Why does number of coils on primary affect frequency?

[cmkluza]

I'm reading a guide on how Tesla coils and slayer exciters work on this Instructable and it was speaking about how to fine-tune the Tesla coil in order to match the resonant frequency of the secondary coil. I understood it when it spoke about changing number of capacitors or the distance of the spark gap (for SGTCs), but I don't see how adjustment of number of coils on the primary affects the resonant frequency of the primary, allowing you to match it with that of the secondary. I'll put a short quote down below from the link I put up top that seems to sum up what he says about adjusting primary coil number to change frequency.
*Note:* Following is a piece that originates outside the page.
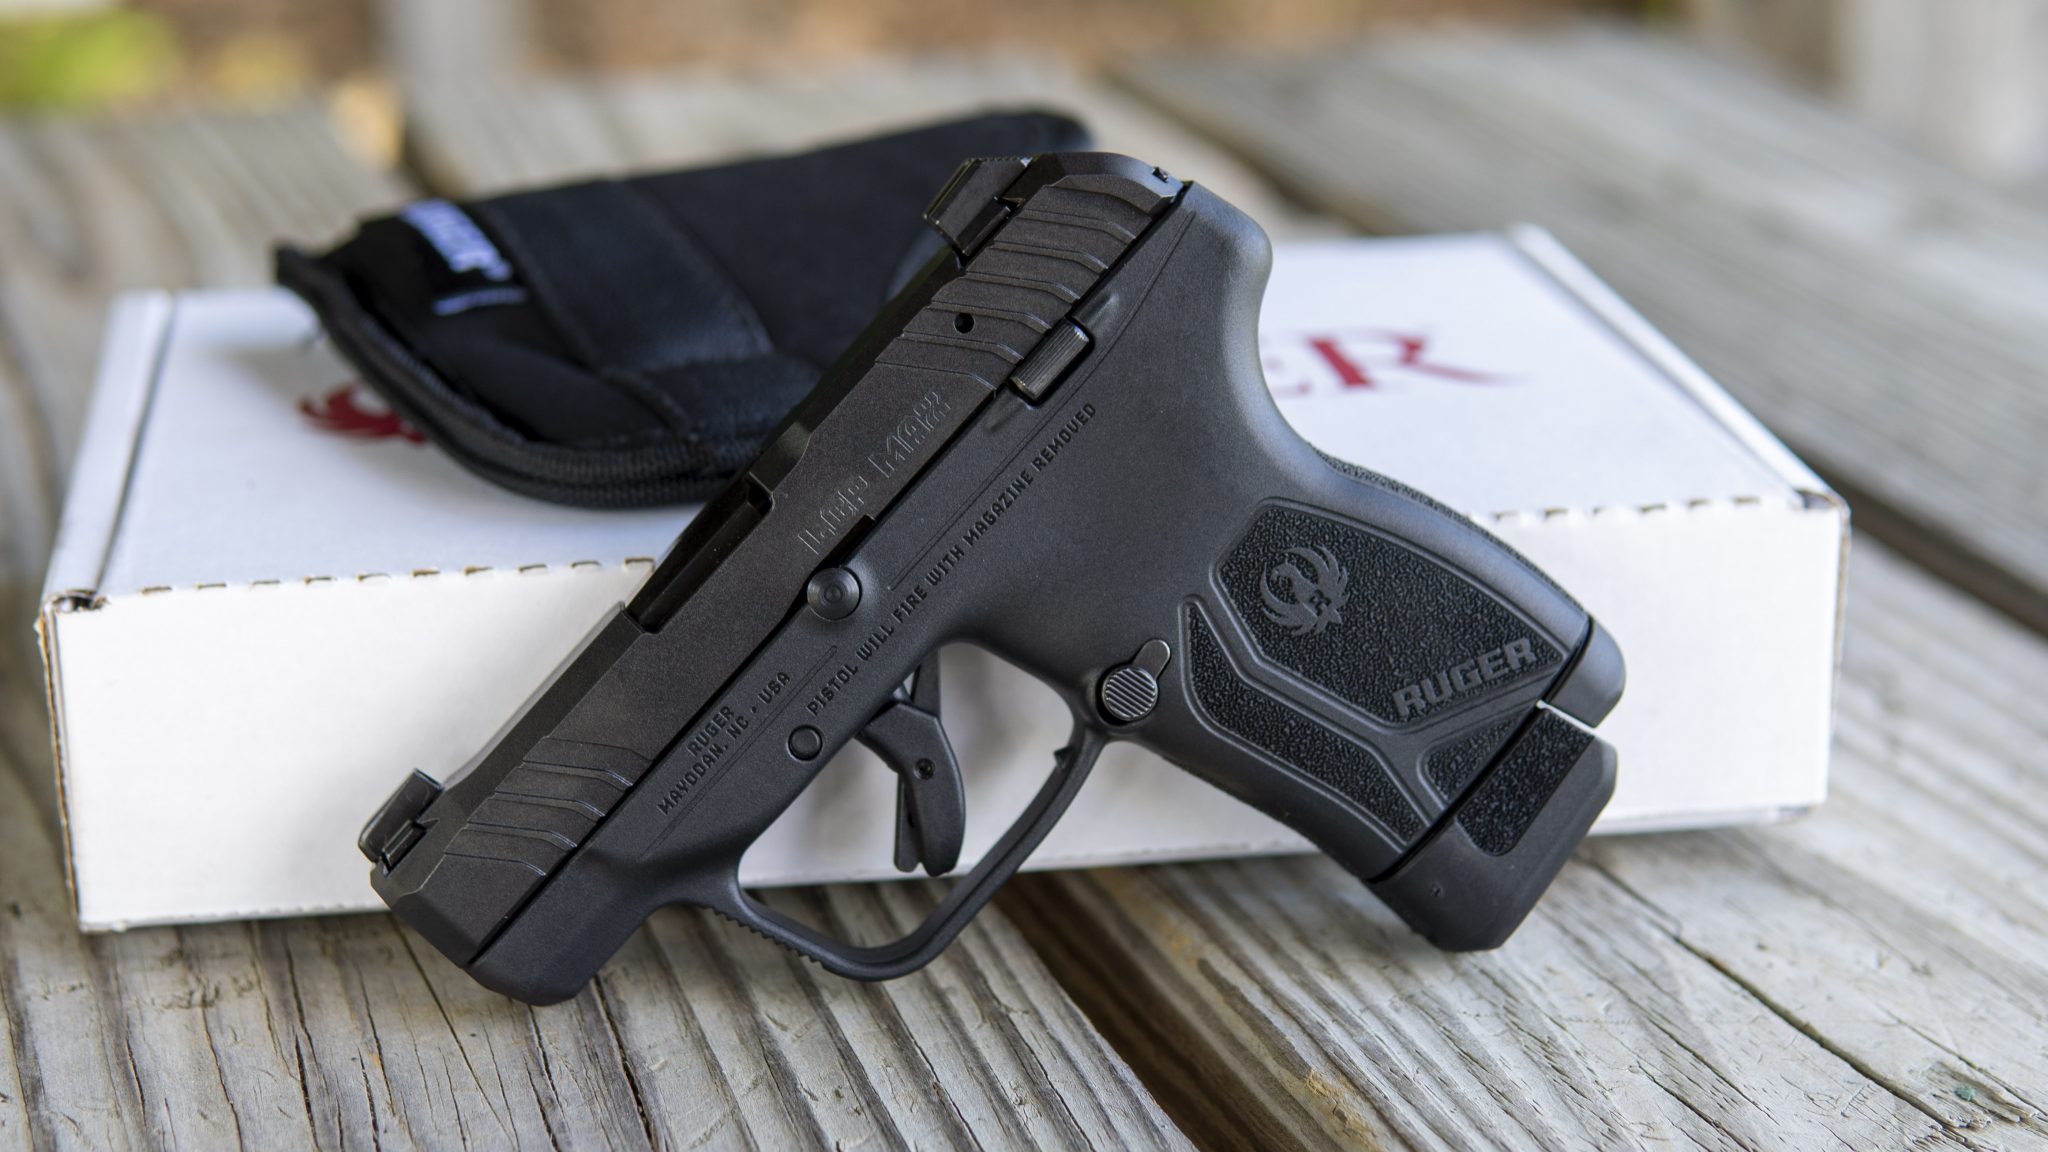 Ruger’s New LCP MAX - The BEST Pocket Carry Pistol!

Usually the inner connector stays fixed at the inner end of the tubing, and the outer wire is adjustable with some kind of clip. By doing this, you can effectively increase or decrease the amount of turns around the primary that the electrical surge is forced to make, allowing you to fine tune frequency to match the secondary's.

I'm confused because that way I understand is that the frequency is mainly based on how often the capacitors fire off, so I don't see how adjustment of number of coils in primary can change how often electricity goes through the primary, since the capacitors fire off independent of that, right?

 

[Merlin3189]

No, the capacitor discharging frequency is much too low. The resonant frequencies are typically millions of cycles per second, but the sparks are likely to be typically up to tens per second. Each spark causes many cycles of oscillating current in the pimary, with energy being slowly transferred to the secondary until the current is too small to sustain the arc. Then charge (and stored energy) builds up on the capacitor until the next spark.

Coil and capacitor circuits have a resonance determined by the inductance of the coil (related to the number of turns) and the capacitance.
An analogy is sometimes made with a mass on a spring. The capacitor is like the spring and the inductance is like the mass. If the mass is made smaller (like a coil having fewer turns) it vibrates more quickly, or made bigger (more turns) it vibrates more slowly.

You probably need to look up LC circuits or radio frequency "tank" circuits. (L stands for inductance or coil, C for capacitance.)

 

[cmkluza]

No, the capacitor discharging frequency is much too low. The resonant frequencies are typically millions of cycles per second, but the sparks are likely to be typically up to tens per second. Each spark causes many cycles of oscillating current in the pimary, with energy being slowly transferred to the secondary until the current is too small to sustain the arc. Then charge (and stored energy) builds up on the capacitor until the next spark.

Coil and capacitor circuits have a resonance determined by the inductance of the coil (related to the number of turns) and the capacitance.
An analogy is sometimes made with a mass on a spring. The capacitor is like the spring and the inductance is like the mass. If the mass is made smaller (like a coil having fewer turns) it vibrates more quickly, or made bigger (more turns) it vibrates more slowly.

You probably need to look up LC circuits or radio frequency "tank" circuits. (L stands for inductance or coil, C for capacitance.)

Thanks, that was a pretty good explanation! I'll have to do some research on LC circuits, but what you said has made Tesla coil operation much more clear for me.